Here is a parody. Hope the pattern of the parody differs from the pattern in the article; but please explain me, what is the distinction between them!
Parody. The commulativity of addition law states that ${\displaystyle e^{x+y}=e^{y+x}}$ for all x, y. Taking the natural logarithm of the formula, gives us the more commonly used formula: ${\displaystyle x+y=y+x.}$
--Boris Tsirelson 16:32, 13 October 2012 (UTC)
Boris says: "these two equations are exactly equivalent, not approximately for small c! Note that "exp" is present on both sides!" Boris is completely right. (It occurred to me, too, this morning in bed just after I woke up). Yesterday I was mistaken, meaning that I also don't know why one takes exponentials on both sides of p=kc. It is not wrong, but unnecessarily complicated. --Paul Wormer 05:36, 14 October 2012 (UTC)
"Inelegant", "unnecessarily complicated"... This is not the point. Not my point, I mean. Either the exponential has a (physical? chemical?) meaning, or not. In the former case the meaning should be mentioned (at least). In the latter case the article starts (!) with a utterly puzzling claim, as nonsensical as this one: "A formula for Henry's Law is: ${\displaystyle \arctan {\,p}=\arctan {\,kc};}$ taking the tangent function of the formula, gives us the more commonly used formula: ${\displaystyle p=kc.}$" What does the reader think, if not "WTF?!" --Boris Tsirelson 06:40, 14 October 2012 (UTC)

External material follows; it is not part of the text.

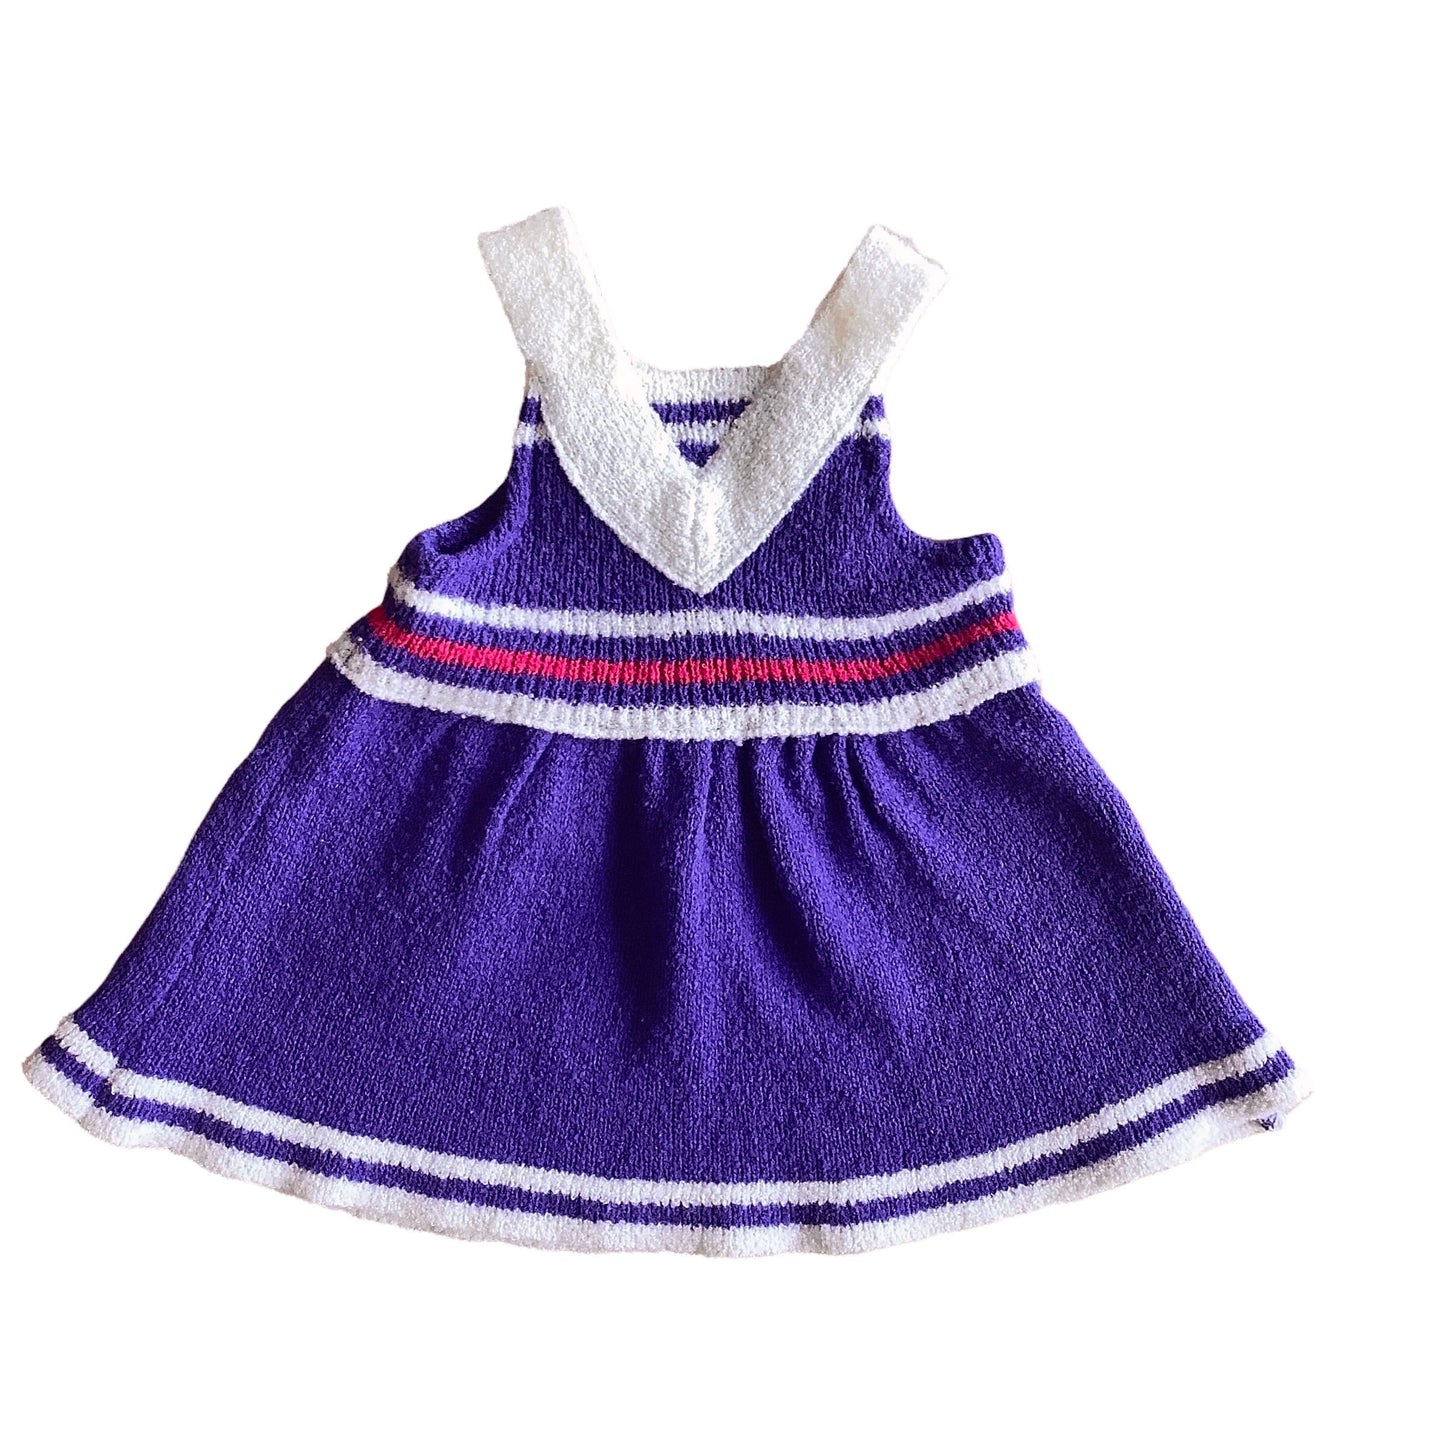 Vintage 1970s Purple Knitted Dress  / 0-3 Months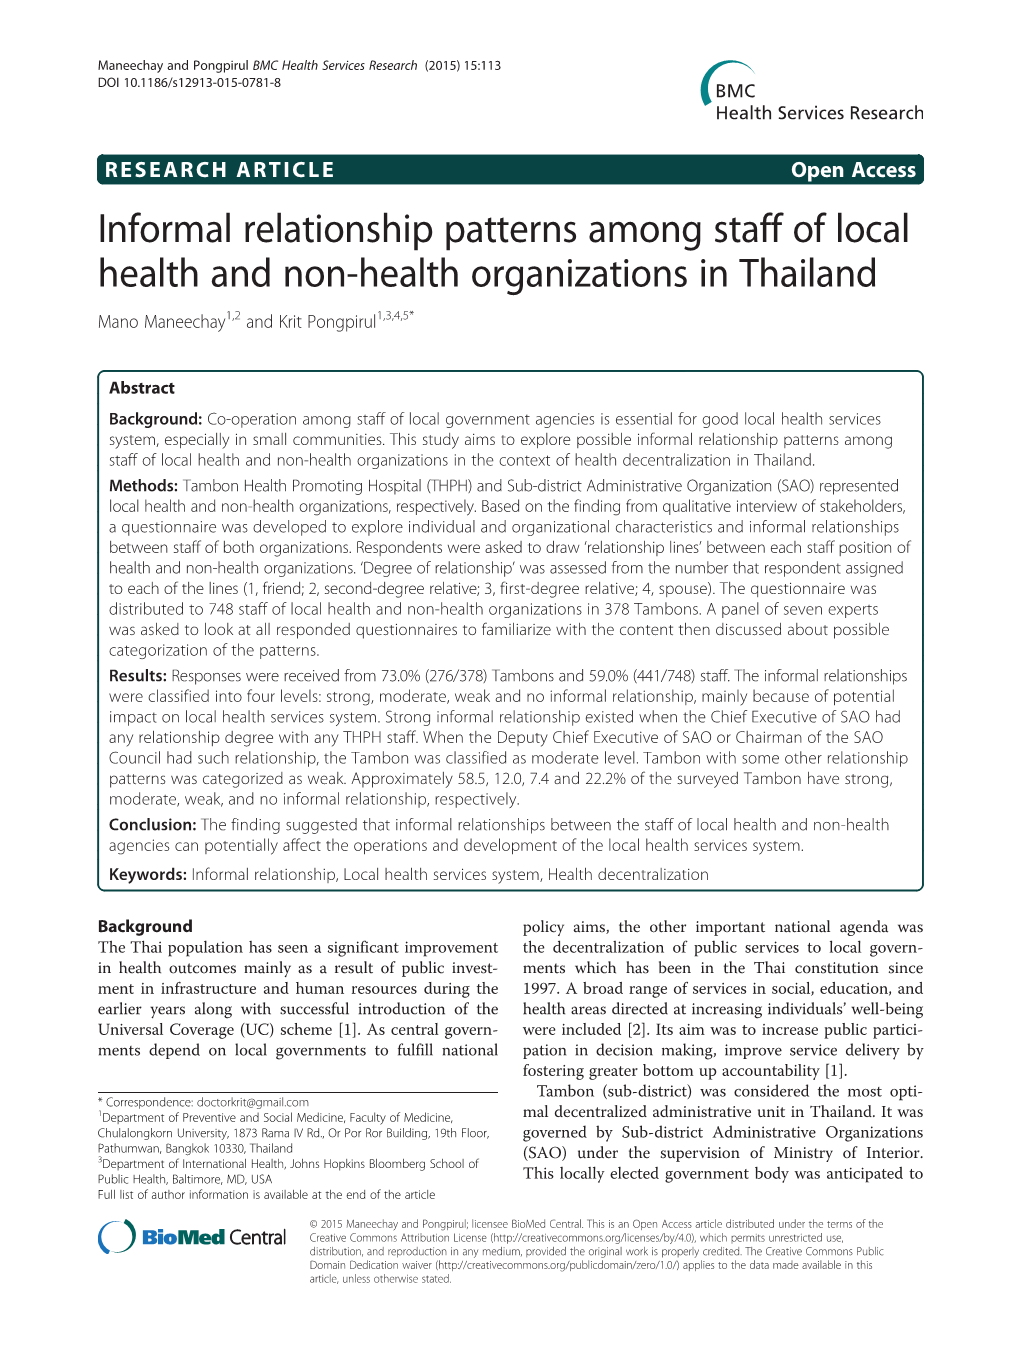 Informal Relationship Patterns Among Staff of Local Health and Non-Health Organizations in Thailand Mano Maneechay1,2 and Krit Pongpirul1,3,4,5*

(Unindent)Paul is right, the exponential form is probably unnecessarily complicated ... so I removed it. Boris, "WTF" and pejorative words like "nonsensical" were completely uncalled for!! That is the sort of language I expect of Wikipedia but not of Citizendium. Milton Beychok 18:19, 14 October 2012 (UTC)

I am sorry for that. But probably it happened because this sort of errors in articles (and this sort of unwilling to fix them, still calling...you know what...just "unnecessarily complicated") I expect of Wikipedia but not of Citizendium (the more so, not on approved articles written by CZ editors). Why did not you finalize the matter in September?
Happy editing. --Boris Tsirelson 19:00, 14 October 2012 (UTC)
Boris, it might well have been resolved in September. When you first brought up your concern about "dimensions" on Sept. 26th, I promptly replied to the best of my ability on that same day and followed up with more explanation on Sept. 27th. However, you then waited two weeks until October 12th before you raised the question of whether the exponential form was needed at all. I then deleted the the exponential form on October 14th.
Had you made yourself perfectly clear as to what you wanted back in September, rather than waiting two weeks to do so, the deletion of the exponential form might well have been resolved sooner. Milton Beychok 20:31, 14 October 2012 (UTC)